Асанали встал. Ему не хотелось больше слушать причитания Математика. Здание его надежд рухнуло к ногам грудой серых обломков.

— Перестань, — сказал он устало. — Воров в нашем ауле нет. Это могли сделать только ребятишки, а значит, все, непременно, найдется...

Математик вышел, как и полагалось хозяину, проводить гостя, но Асанали уже не слышал, что он говорил.

Пока Асанали сидел в доме Математика, на улице поднялся ветер. Пыльная поземка косыми прядями стремительно летела над землей, а тозганча — тутовое дерево, росшее во дворе, скрипело и гнулось — ветви раскачивались на ветру и были похожи на растрепанные человеческие волосы.

„Ну, вот, — подумал с грустью Асанали. — Снова ветер...".

Он вдруг увидел свой аул, брошенный посреди ровной, гладкой, как стол, сожженной до черноты, степи. Только весной коротко и жадно живет степь. Потом, сменяя друг друга, начинают дуть ветры. Первым прилетает жаркий Южак. От него сохнет на лице кожа и трескаются губы. Люди рассказывали, что в иные годы видели птиц, которым ветер опалил крылья. За Южаком следует Львиная грива. Нет равного по силе этому ветру. Словно страшными когтями скребет он землю, вздымает в небо тучи песка и пыли, гонит впереди себя мелкие камни. После этих ветров степь становится похожей на сморщенную, опаленную на огне овечью шкуру.

Асанали сощурился и посмотрел вдаль. Горизонт был затянут мутной пеленой, небо потускнело и опустилось к земле — начинался Южак. Он негромко выругался и вАРуг вспомнил о найденном им зеркале.

Асанали оглянулся. Математик все еще стоял за его спиной, и сквозь заунывный вой ветра можно было расслышать, как он продолжал жаловаться на свою жизнь.

— Эй, — простодушно сказал Асанали, — Если я не ошибаюсь, то твое зеркало лежит у меня в сарае.

Глаза Математика вспыхнули жарким огнем надежды.

— Пошли! — крикнул он. — Это, конечно, мое... мое зеркало!...

Он рванулся вперед. Полы его пиджака взметнулись, словно крылья у птицы, руки, казалось, разгребали тугие порывы ветра. Асанали едва поспевал за ним.

„Ну и ну! — думал он. — Вот ведь как человек устроен.
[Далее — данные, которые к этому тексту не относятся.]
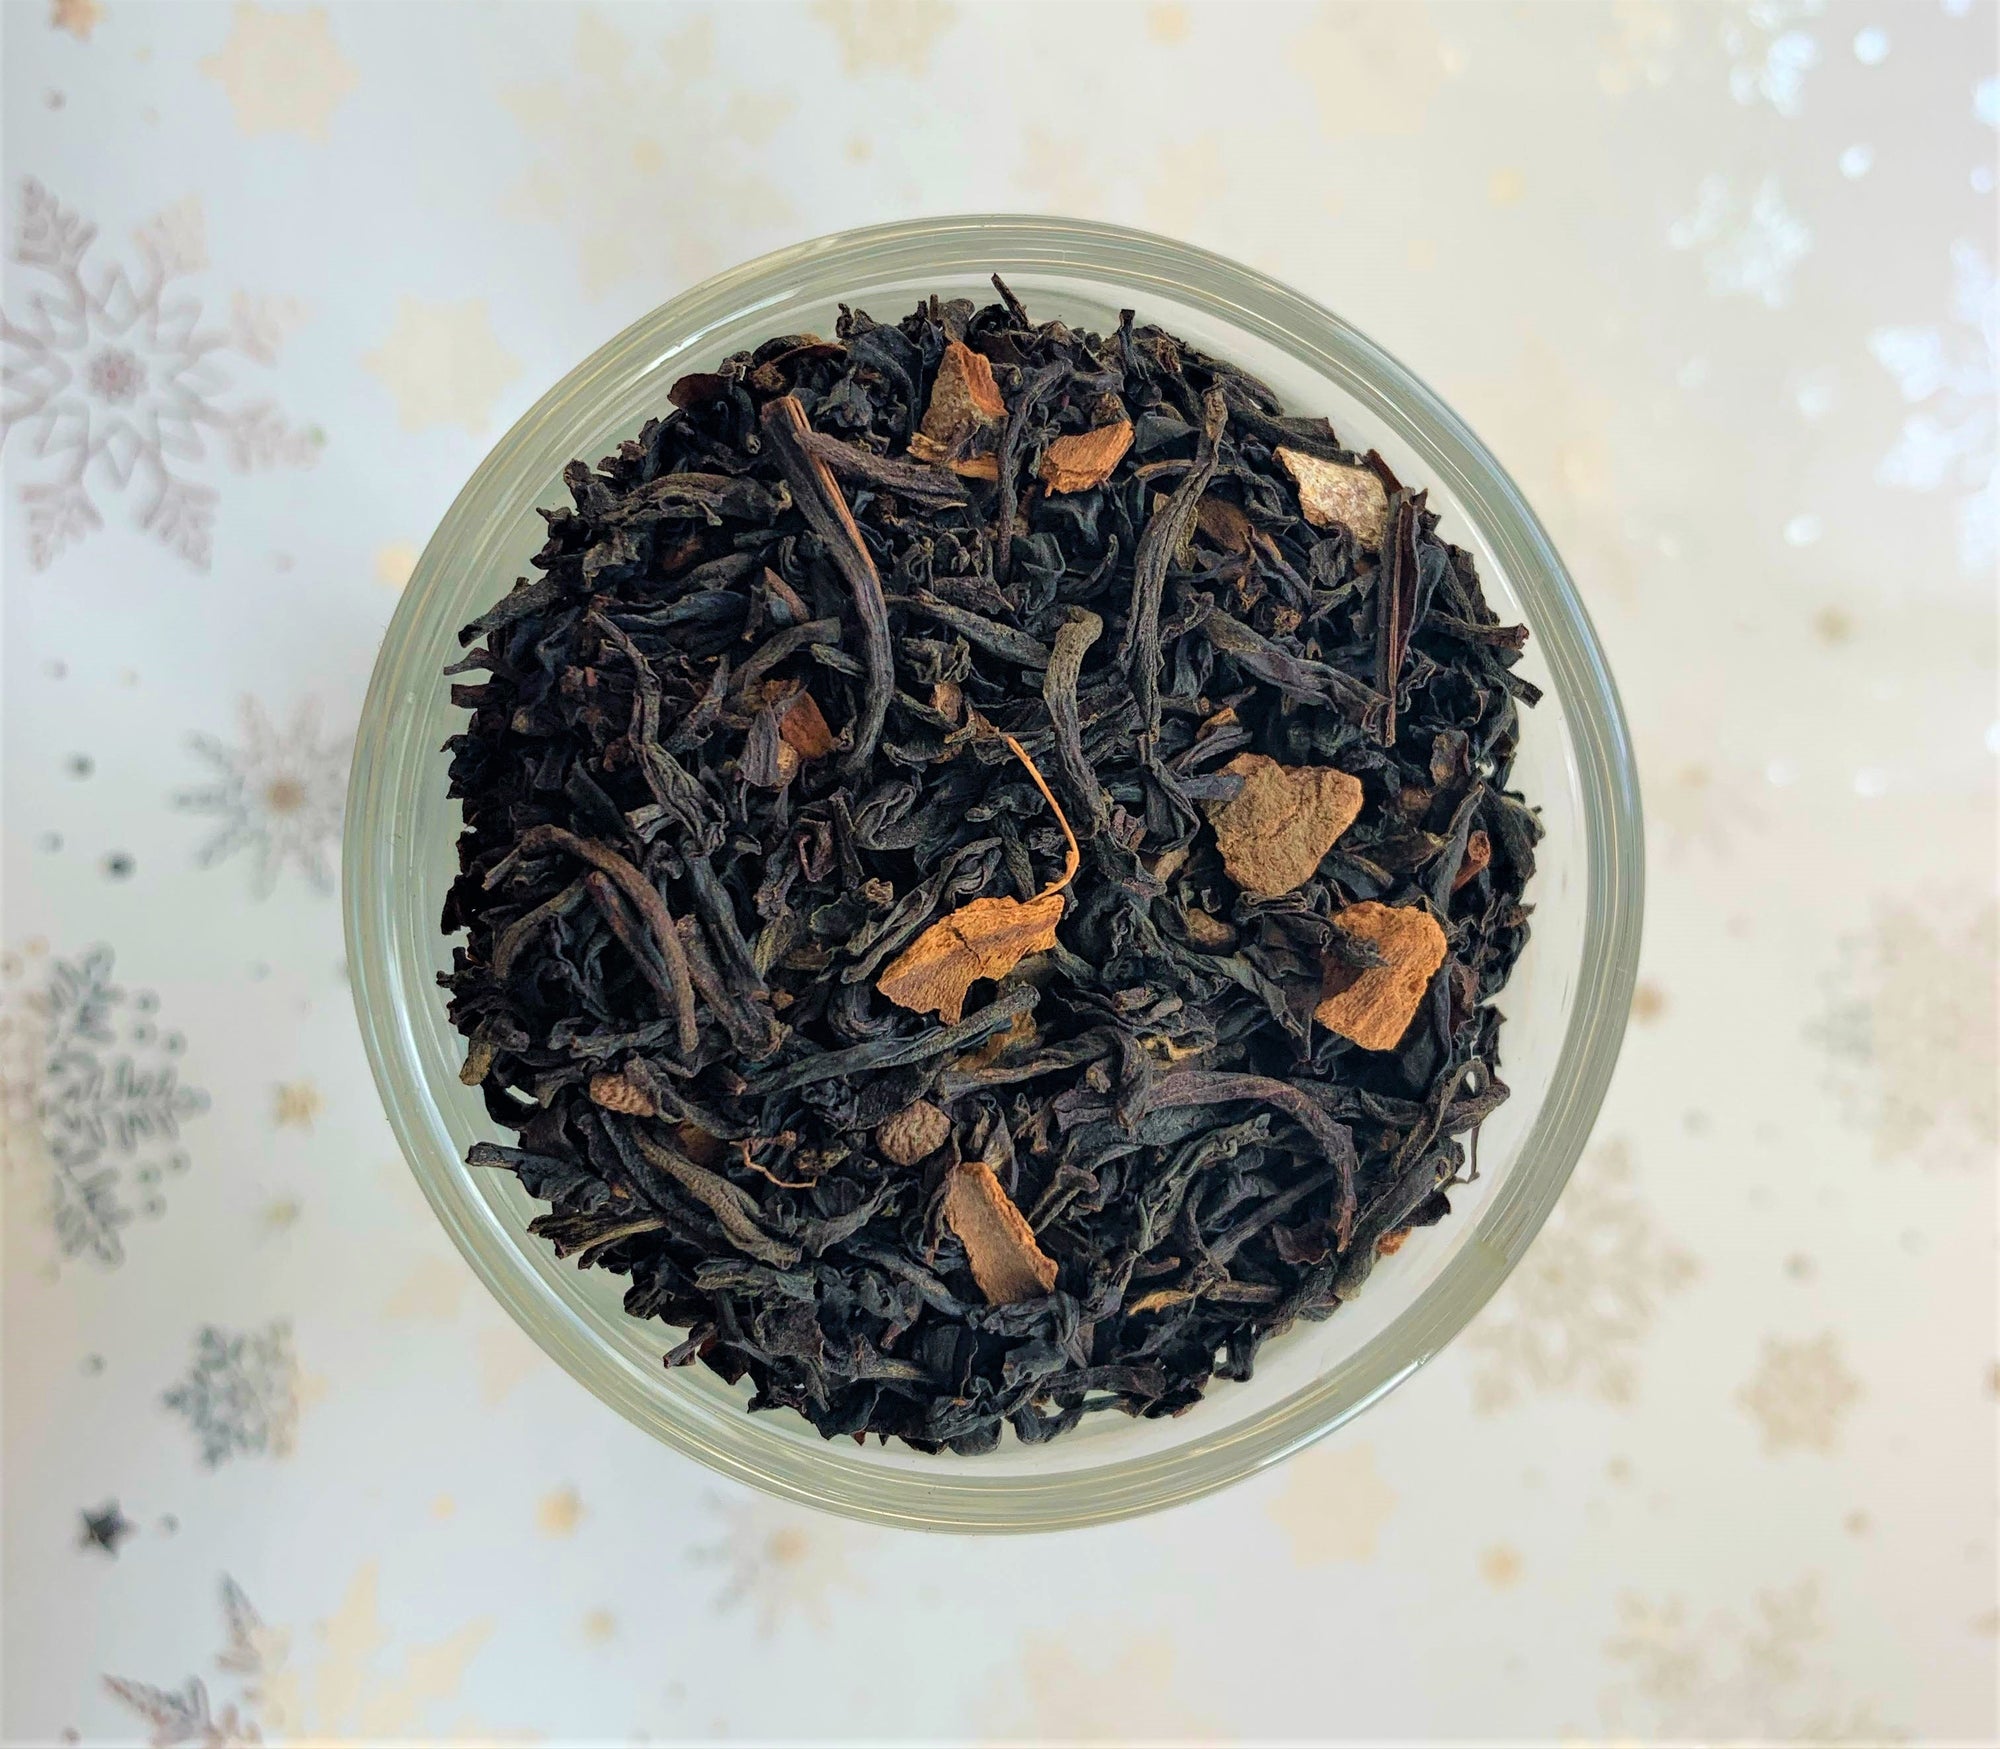 Relax with some Spiced Chai this Christmas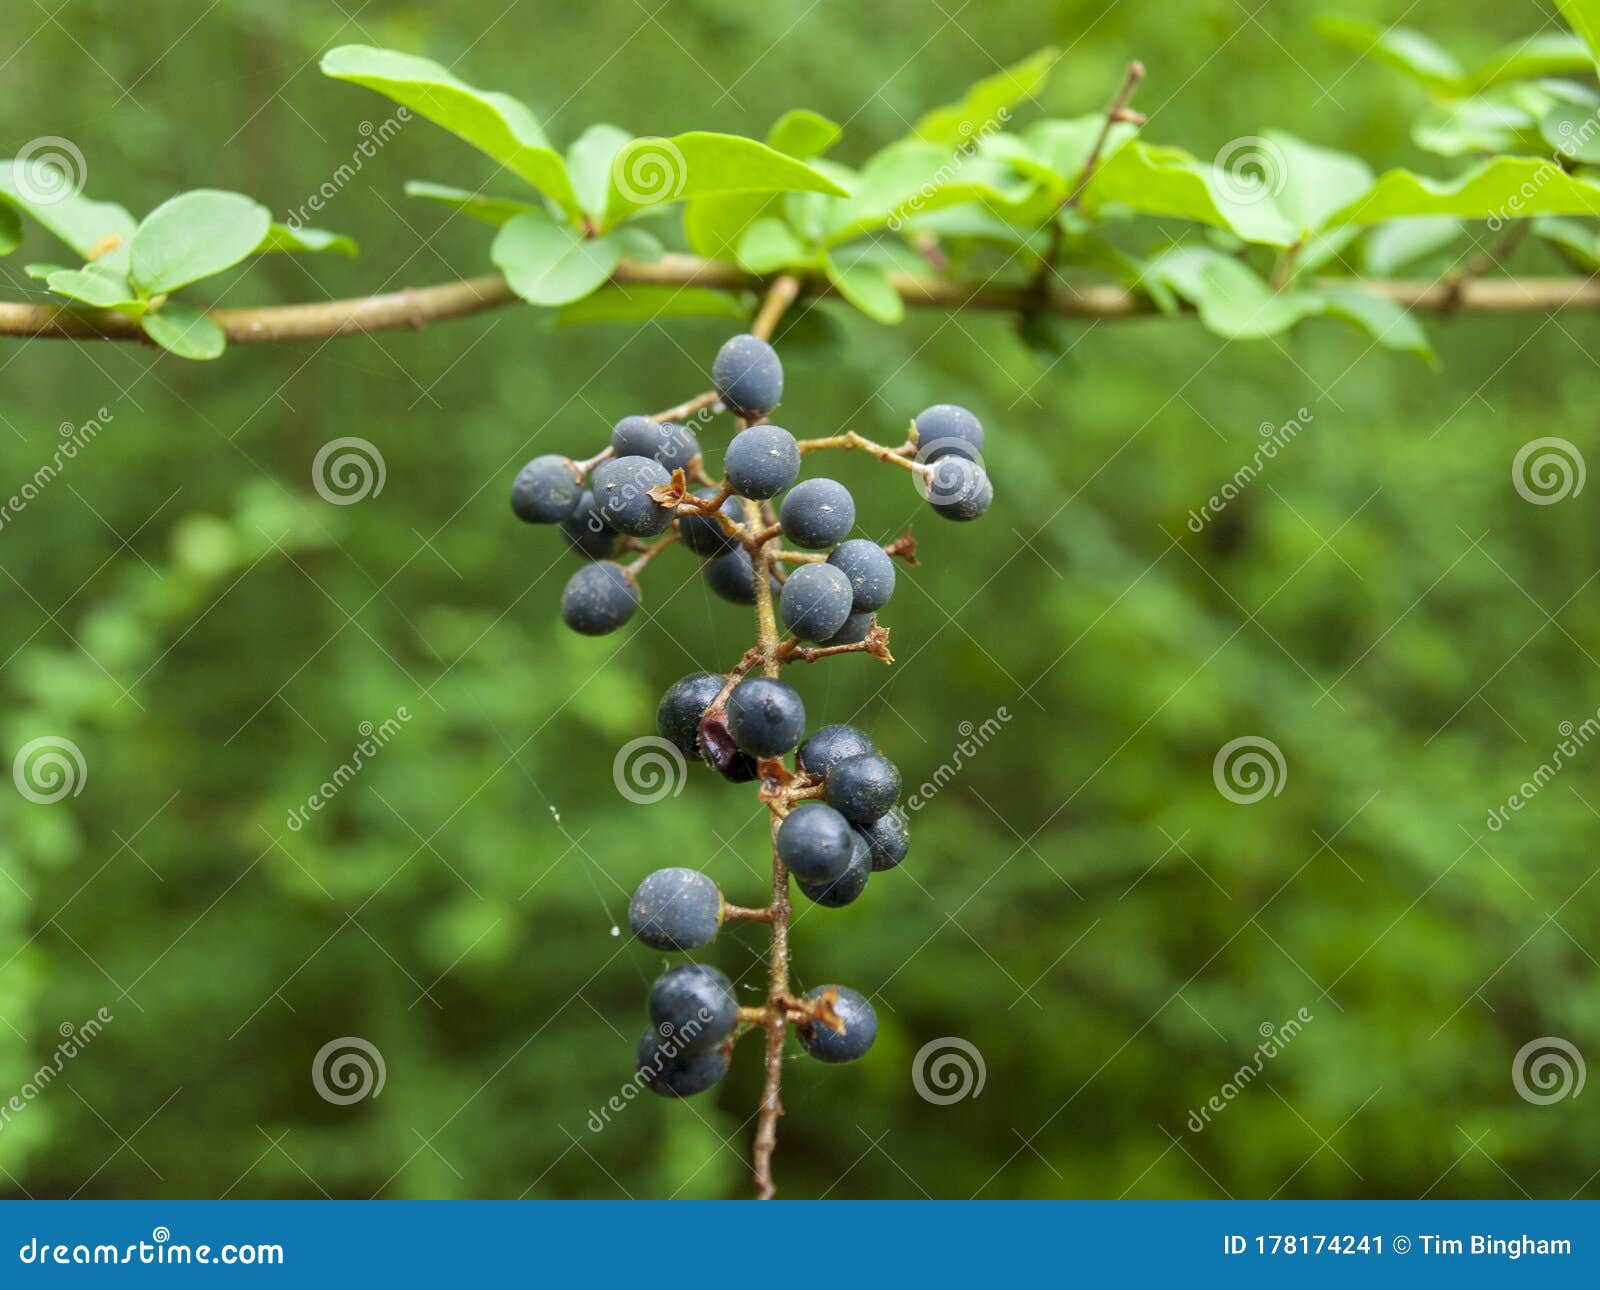 Solskoldning artilleri Stolt Wild Blue Colored Berries Growing on Tree Stock Image - Image of forest,  tree: 178174241

Когда дело касается его интересов, он и против ветра пойдет, и на бушующее море замахнется...".

Сердце Асанали дрогнуло от недоброго предчувствия, когда из переулка прямо на них вынырнул участковый милиционер. Математик схватил его за рукав форменного кителя и потащил за собой, что-то объясняя на ходу. Теперь они втроем бежали против ветра: потерпевший и милиционер впереди, запыхавшийся Асанали сзади... Участковый холодно и подозрительно смотрел в смущенное лицо Асанали:

— Вот видишь, как получается. Ниточка подозрений привела в твой дом... Это не иначе, как дело рук твоего старшего сына, болтуна-фотографа.

— Я сам сказал о зеркале... — растерянно возразил Асанали. — Лучше бы мне забросить его куда-нибудь...

Милиционер глубокомысленно рассматривал находку. Между бровей залегла суровая складка.

— Ничтока подозрений привела в твой дом... — повторил он упрямо.

Математик радостно суетился вокруг, размахивал руками, ругал воров. Асанали оторопело, не в силах выговорить ни одного слова, обреченно следил за тем, как участковый раскрывал свою коричневую планшетку и, присев на корточки, положив ее на колено, начал составлять акт.

— Распишись, — сурово сказал он. — Вот тебе повестка. Как только вернется твой фотограф, отдашь ему и пусть немедленно явится в райотдел.

Каждое слово милиционера действовало на Асанали так, словно кто-то методично и больно его щелкал по темени.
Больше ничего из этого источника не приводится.